L'ex centrocampista nerazzurro non nasconde la sua volontà di tornare a vestire la maglia dell'Inter

Intervenuto ai microfoni di Tuttmercatoweb, Fredy Guarin ha parlato dei suoi anni trascorsi in nerazzurro e della sua avventura in Cina con la maglia dello Shanghai Shenhua. A due giorni dal derby, c'è spazio anche per parlare dell'atteso Inter-Milan in programma domenica sera in un San Siro tutto esaurito.

Guarin, partiamo dall'attualità: come si trova in Cina?

"In Cina mi trovo davvero bene. Shanghai è una bella città, sono arrivato da quasi tre anni e ogni giorno mi sento più a mio agio. Ormai mi sono fatto la mia vita qua".

Una serenità che traspare anche in campo: si contano otto reti e sei assist di Guarin solo in questa stagione.

"Sì, assolutamente. La squadra sta andando bene, mantenendo sempre le aspettative che ci sono. Sono contento e tranquillo, sia a livello umano che professionale".

Dall'Italia alla Cina il passo però sarà stato grande.

"È cambiato tutto, ma l'Italia in qualche modo fa ancora parte di me. Seguo il calcio italiano fin dal giorno in cui me ne sono andato dall'Inter. La Serie A è assolutamente il campionato che vedo di più".

Allora non si perderà certo il derby di domenica. Cosa si aspetta da parte della sua Inter?

"Il derby, lo sappiamo tutti, è sempre una partita speciale. Spero in un grande trionfo dell'Inter, per i miei ex compagni, per la società e per tutti i tifosi. Vedo bene la squadra in questa stagione, è molto motivata. Spalletti ha costruito una relazione molto forte coi suoi giocatori e quella di domenica sarà quindi una partita bella da giocare e da vivere".

Lo dice uno che il derby di Milano lo ha deciso con un bolide da fuori area nel 2015. È forse quello il ricordo più bello dei suoi quattro anni in nerazzurro?

"Ho tantissimi ricordi legati all'Inter. Il gol nel derby è senza dubbio uno dei miei momenti più belli con la maglia nerazzurra. Posso sentire ancora l'abbraccio dei compagni, le grida di gioia dei tifosi, l'adrenalina, l'emozione... Lo porterò sempre con me, così come il mio debutto contro il Genoa al Meazza e il mio primo gol contro il Vaslui ai preliminari di Europa League".

Dica la verità: ha fatto più di un pensierino sul ritorno all'Inter?

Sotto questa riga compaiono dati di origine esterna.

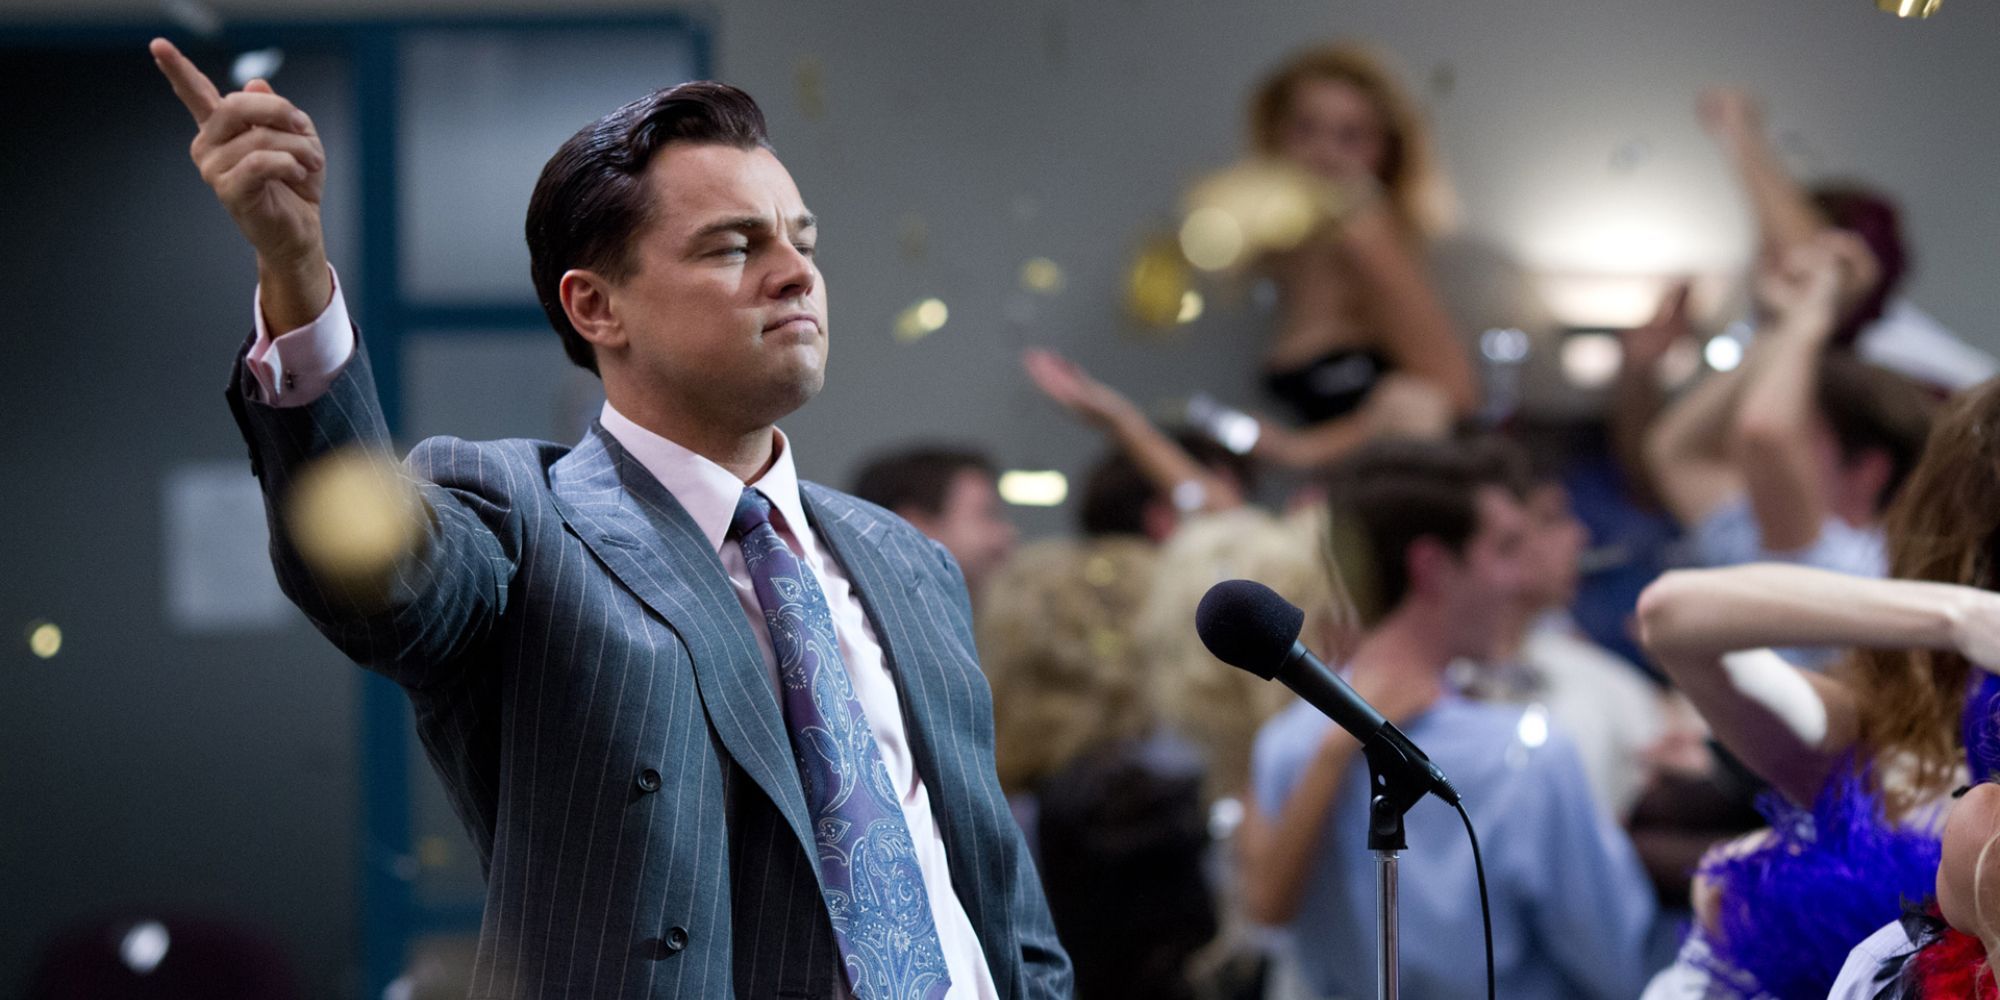 Leonardo DiCaprio as Jordan Belfort raising his hand while addressing a cheering crowd in The Wolf of Wall Street (2013)

"È chiaro. Ho sempre pensato di tornare all'Inter, fin dal momento del mio addio nel gennaio 2016. E i contatti coi nerazzurri ci sono sempre stati. Parlo spesso con Ausilio, con Zanetti, ma ho sentito anche Moratti e Thohir. Se ci sarà l'opportunità di tornare, non ci penserò due volte. A Milano mi sono sentito a casa, per me l'Inter è una famiglia, passione e amore. Ho lasciato là un pezzo del mio cuore e ci tornerei persino gratis (ride, ndr)".

A 32 anni tutto è ancora possibile. In attesa di coronare il suo sogno, che messaggio vuole mandare ai suoi ex compagni in vista del derby?

"Queste parole sono tutte per loro. Forza ragazzi. Sapete cosa significa questa partita, le motivazioni vengono da sole. Vi auguro il meglio, dovete tirare fuori tutto quello che avete e giocare come una famiglia per vincere. Ci sarò anche io a sostenervi, seppur da lontano. Un abbraccio grande, mi mancate molto. Forza muchachos, forza Inter, dale!".